We went on to eliminate or quantify categories a(i, ii), b (iv, ix, xiii) and c(i) (Additional file 1: S1 Text and Additional file 16: Table S14, Additional file 17: Table S15, Additional file 18: Table S16, Additional file 19: Table S17 and Additional file 20: Table S18), and obtained an estimate of 12.8% of names that could not be identified unambiguously. Although we have not quantified the other categories of errors, based on preliminary work, we believe that they are not numerous.
Multiple PIs per trial
Another category of error concerned trials that listed more than one person as PI. Examples included NCT01954056 (with 18 PIs), NCT00405704 (21 PIs), NCT01819272 (50 PIs), NCT00419263 (73 PIs), and NCT01361308 (74 PIs).
Missing RP tag
Finally we wished to know whether PI information was available from the RP tag.
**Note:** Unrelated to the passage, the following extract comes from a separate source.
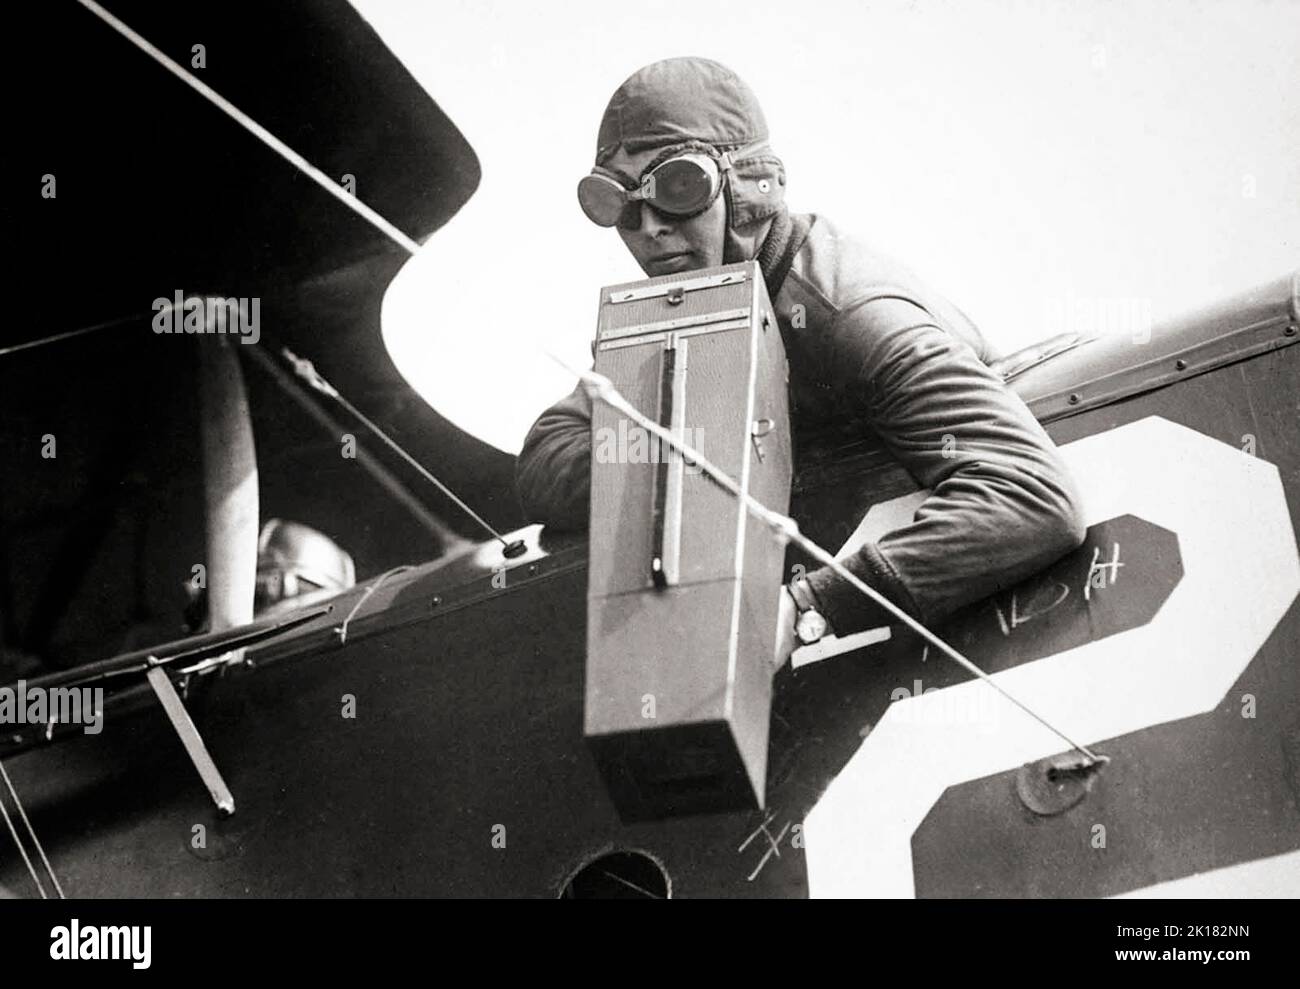 Un fotógrafo aéreo con una cámara Graflex Model A erial, ca. 1917-18. La cámara grande cubierta de cuero con cuerpo de madera fue una de las cámaras aéreas pioneras, ampliamente utilizadas por el Cuerpo Aéreo del Ejército de los Estados Unidos. Activado por un disparador de tipo pistola, el obturador del plano focal se disparó mientras se abrían las dos persianas protectoras de la parte delantera de la cámara. El formato 4x5' con reverso Graflex permite utilizar soportes de placas estándar de doble cara, así como un cargador de 12 placas 'bag mag'. Foto de stock

For this, we examined the 35,121 records from Additional file 10: Table S8. We found that the RP tag was missing in 1221 (3.5%) of 35,121 records (Additional file 21: Table S19). As explained in Additional file 1: S1 Text, the RP details were usually provided both at the top of the NCT ID record and at the bottom. At the top, the exact wording was usually “Information provided by (Responsible Party):...”. However, in 1221 records the wording was “Information provided by:...”. These records did not have the RP information at the bottom either. Thus, anybody using automated methods to search for RP information based on the RP tag would not find it.
In terms of whether the RP field was useful to obtain PI information, we used a sample of 500 records and found PI information only in 138 of them (Additional file 21: Table S19). All of these cases already had PI information, as determined in Additional file 10: Table S8. Thus, the RP field did not yield any additional PI information.